Scenarios: Future land-use, network projects, policy tests.
Documentation & handover: Model spec, user guide, versioned data, scripts.

Common pitfalls (and how to avoid them)

Messy zones: Oversized TAZs hide short trips and distort intrazonals → refine in urban cores.
Untuned speeds: Unrealistic free-flows or BPR parameters → garbage skims and misallocated demand.
Overusing K-factors: Hide structural issues; fix network or data first.
Ignoring transit access: Missing walk links or transfer penalties → inflated transit shares or misassigned paths.
No version control: Use Git; tag calibration milestones; keep a change log.
Poor documentation: Future users can’t reproduce results → create a data dictionary and runbook.

Deliverables clients and agencies expect

Model files + networks + skims for base and forecast years.
Data dictionary and metadata for every table and parameter.
Calibration report with targets, diagnostics, and achieved metrics.
Scenario book: assumptions, results, maps, KPIs.
Run scripts (batch) to reproduce results end-to-end.

FAQ

Four-step vs.
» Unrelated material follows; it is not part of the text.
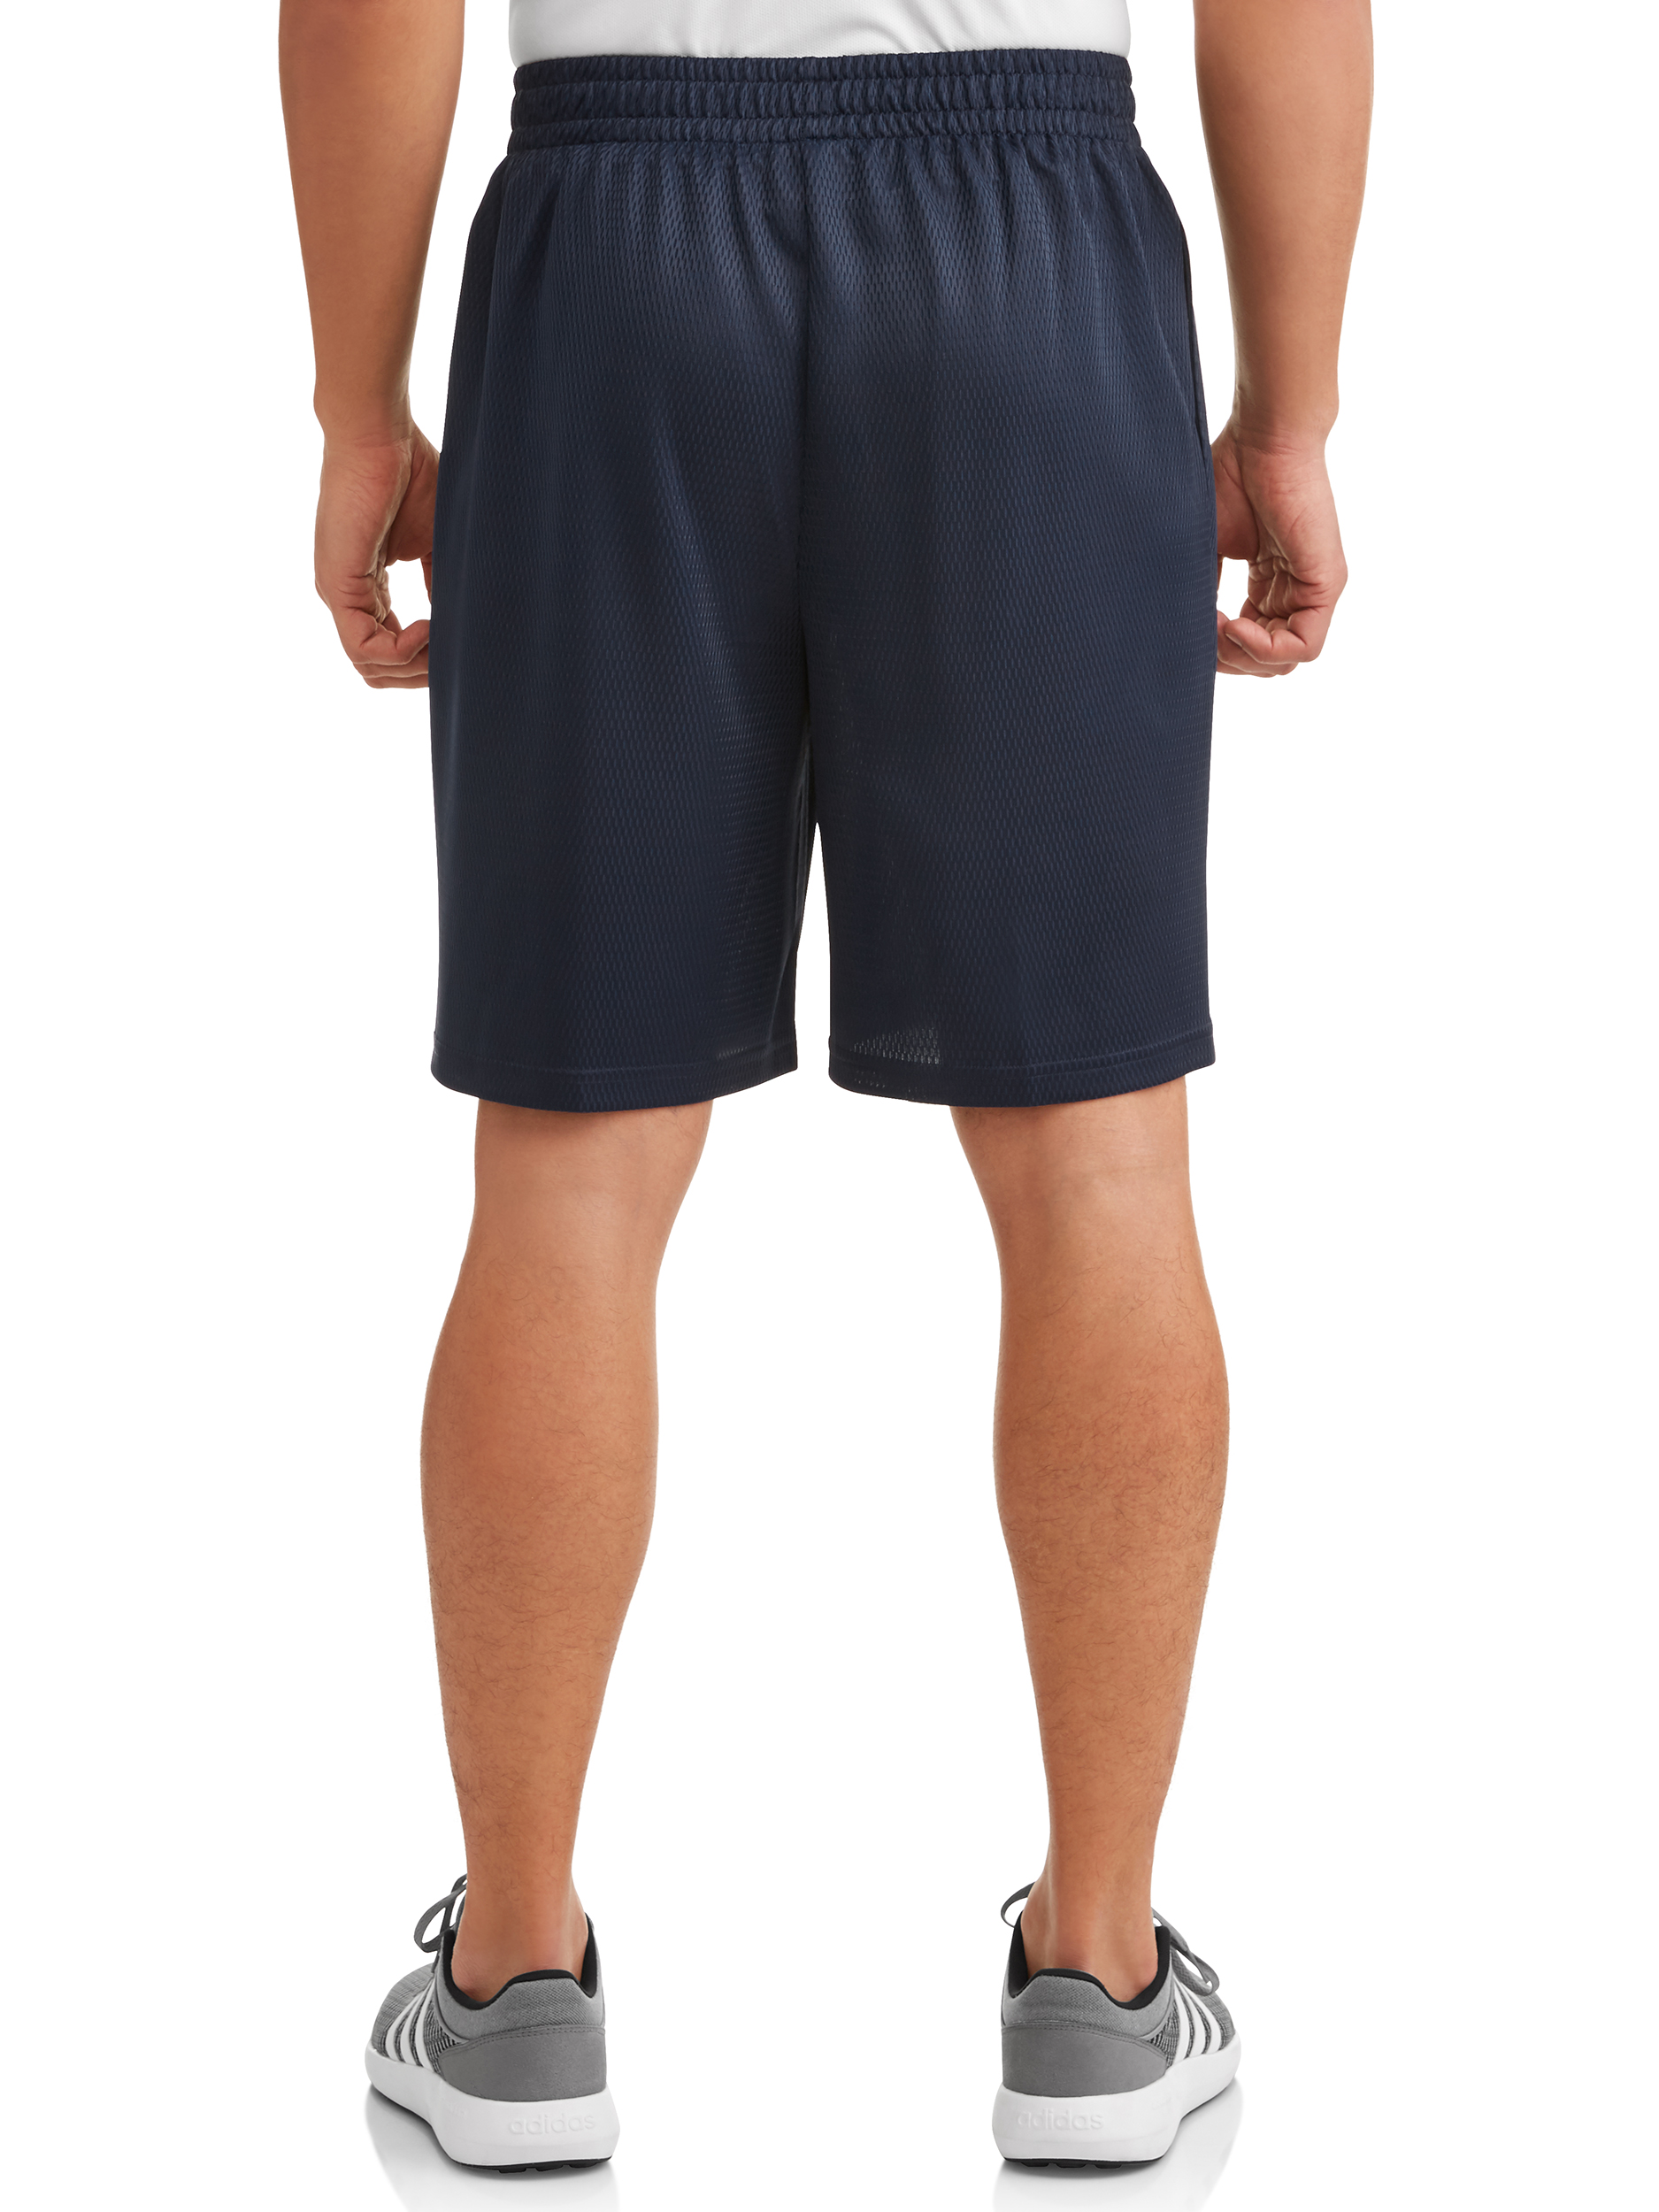 Athletic Works Men's and Big Men's 9" Dazzle Short, Up to 5XL - image 2 of 4

ABM? ABM adds behavioral realism but needs more data and skill; 4-step is faster and adequate for many planning questions.
Static vs. DTA? DTA for time-dependent queuing/spillback when peak-period dynamics matter; otherwise static UE suffices.
SUMO’s role? Use SUMO/VISSIM after the TDM to test intersection control, lane use, and queuing for specific projects.